CJC Open ; 4(3): 324-336, 2022 Mar.
Article in English | MEDLINE | ID: mdl-34977521

ABSTRACT

BACKGROUND: This study sought to determine the impact of the COVID-19 pandemic response to healthcare delivery on outcomes in patients with cardiovascular disease. METHODS: This is a population-based cohort study performed in the province of Nova Scotia, Canada (population 979,499), between the pre-COVID (March 1, 2017-March 16, 2020) and in-COVID (March 17, 2020-December 31, 2020) periods. Adult patients (age ≥ 18 years) with new-onset or existing cardiovascular disease were included for comparison between periods. The main outcome measures included the following: cardiovascular emergency department visits or hospitalizations, mortality, and out-of-hospital cardiac arrest. RESULTS: In the first month of the in-COVID period, emergency department visits (n = 51,750) for cardiac symptoms decreased by 20.8% (95% confidence interval [CI] 14.0%-27.0%, P < 0.001). Cardiovascular hospitalizations (n = 20,609) declined by 48.1% (95% CI 40.4% to 54.9%, P < 0.001).
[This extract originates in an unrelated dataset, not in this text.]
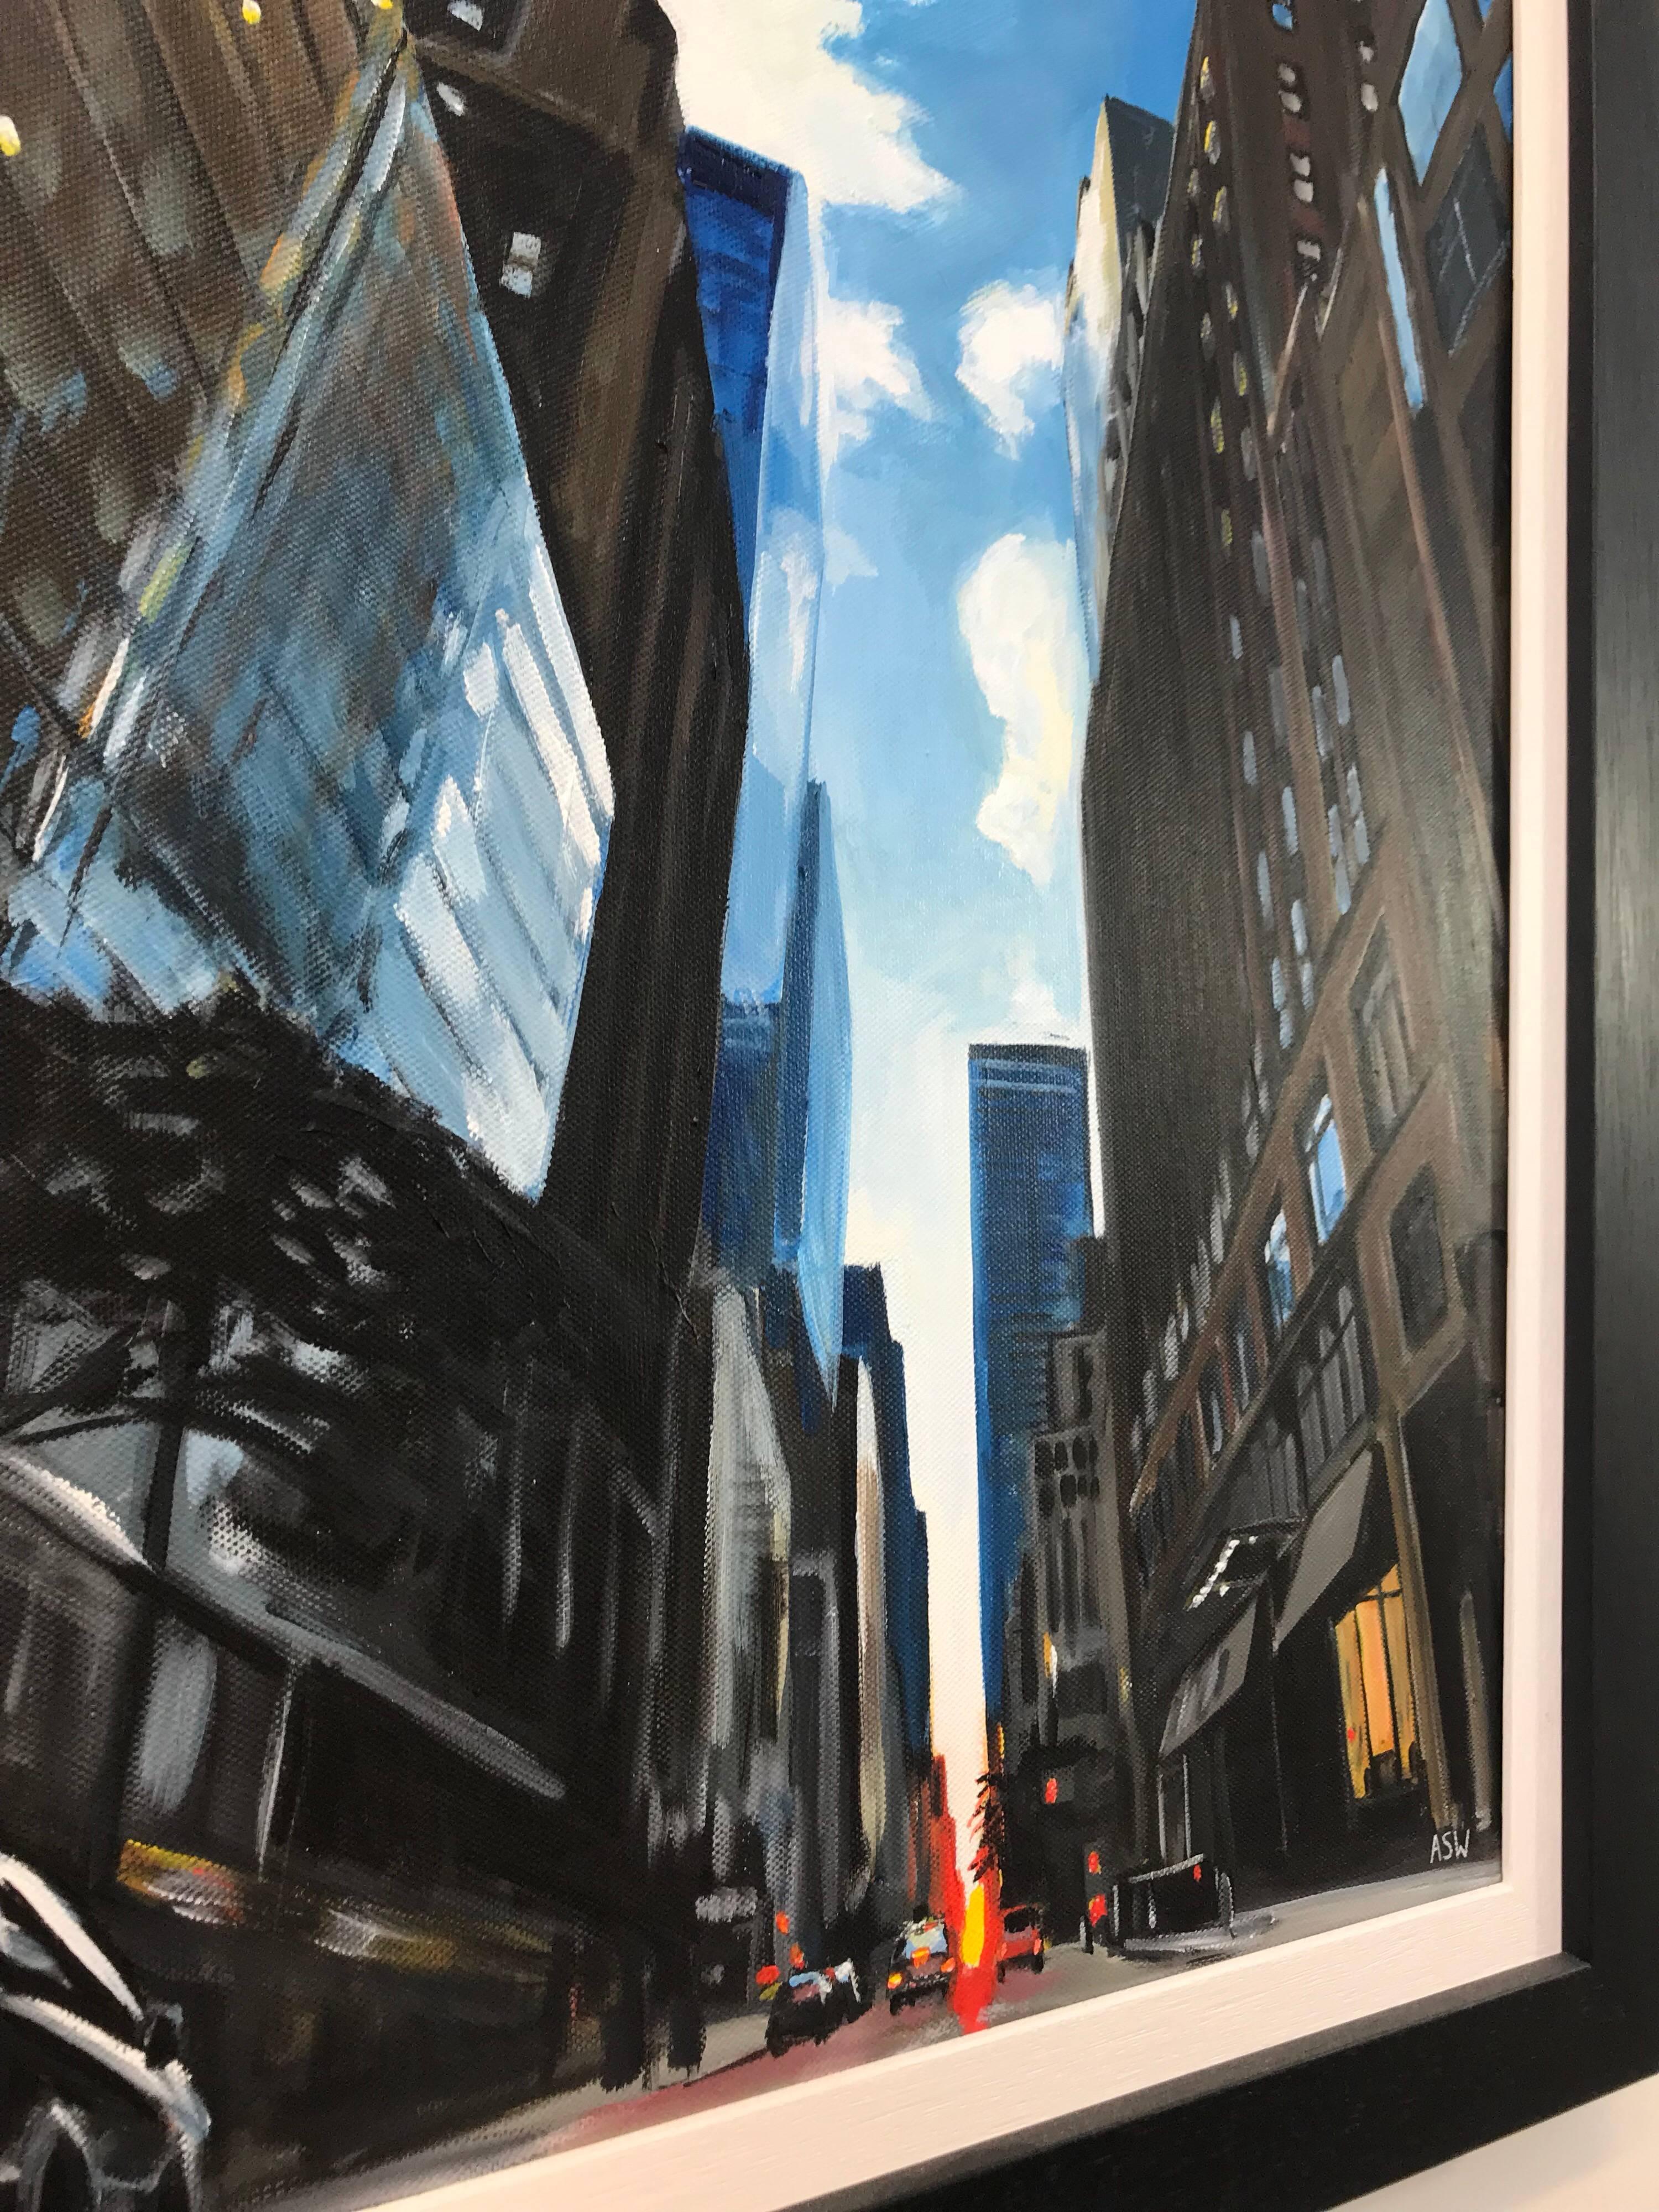 Gemälde eines Sommer-Sonnenuntergangs in New York City von einem führenden britischen Urban Artist UK. Dieses einzigartige Original veranschaulicht das Ausmaß der New Yorker Architektur durch eine einzigartige Perspektive vom Straßenniveau aus.
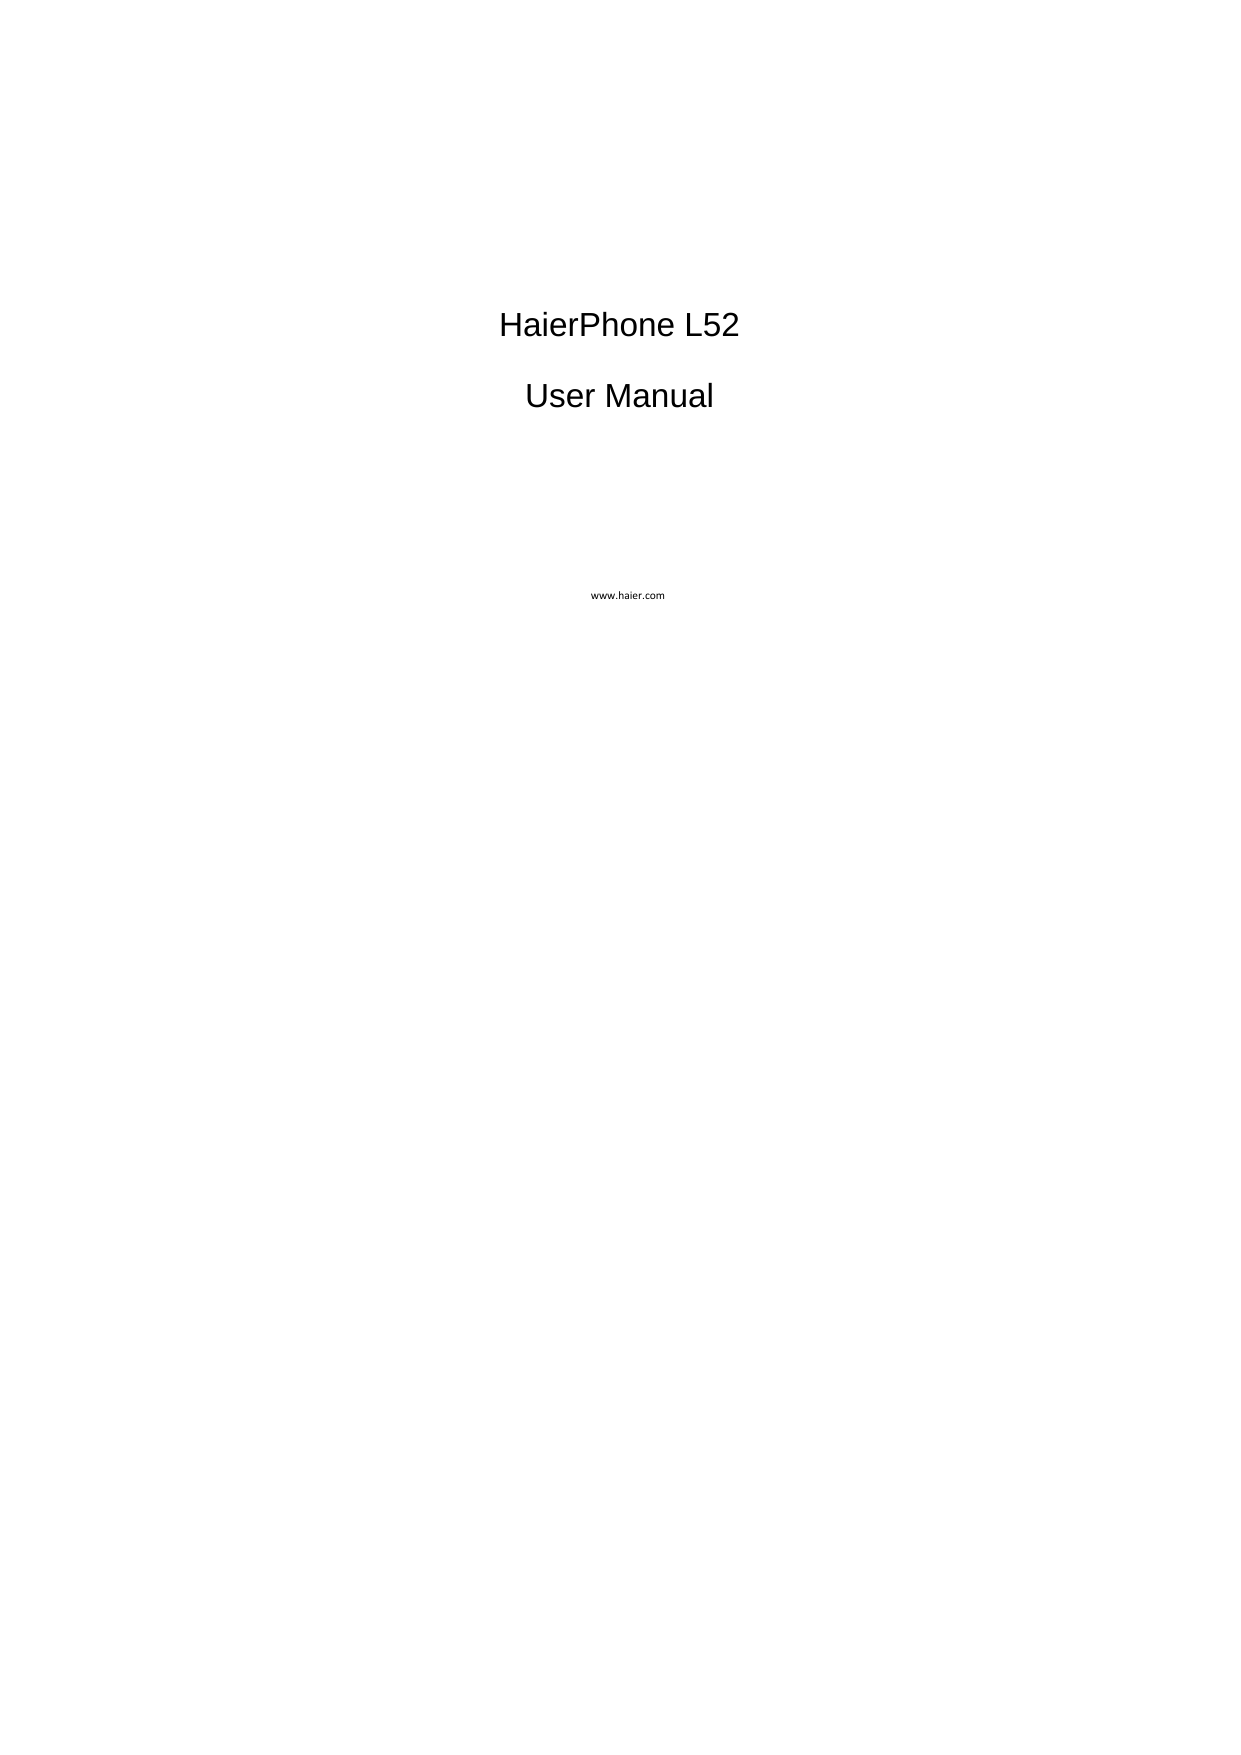    HaierPhone L52 User Manual www.haier.com

The in-hospital mortality rate increased in patients with cardiovascular admissions in secondary care institutions by 55.1% (95% CI 10.1%-118%, P = 0.013). A decline of 20.4%-44.0% occurred in cardiovascular surgical/interventional procedures. The number of out-of-hospital cardiac arrests (n = 5528) increased from a monthly mean of 115 ± 15 to 136 ± 14, beginning in May 2020. Mortality for ambulatory patients awaiting cardiac intervention (n = 14,083) increased from 0.16% (n = 12,501) to 2.49% (n = 361) in the in-COVID period (P < 0.0001). CONCLUSIONS: This study demonstrates increased cardiovascular morbidity and mortality during restrictions maintained during the COVID-19 period, in an area with a low burden of COVID-19. As the healthcare system recovers or enters subsequent waves of COVID-19, these findings should inform communication to the public regarding cardiovascular symptoms, and policy for delivery of cardiovascular care.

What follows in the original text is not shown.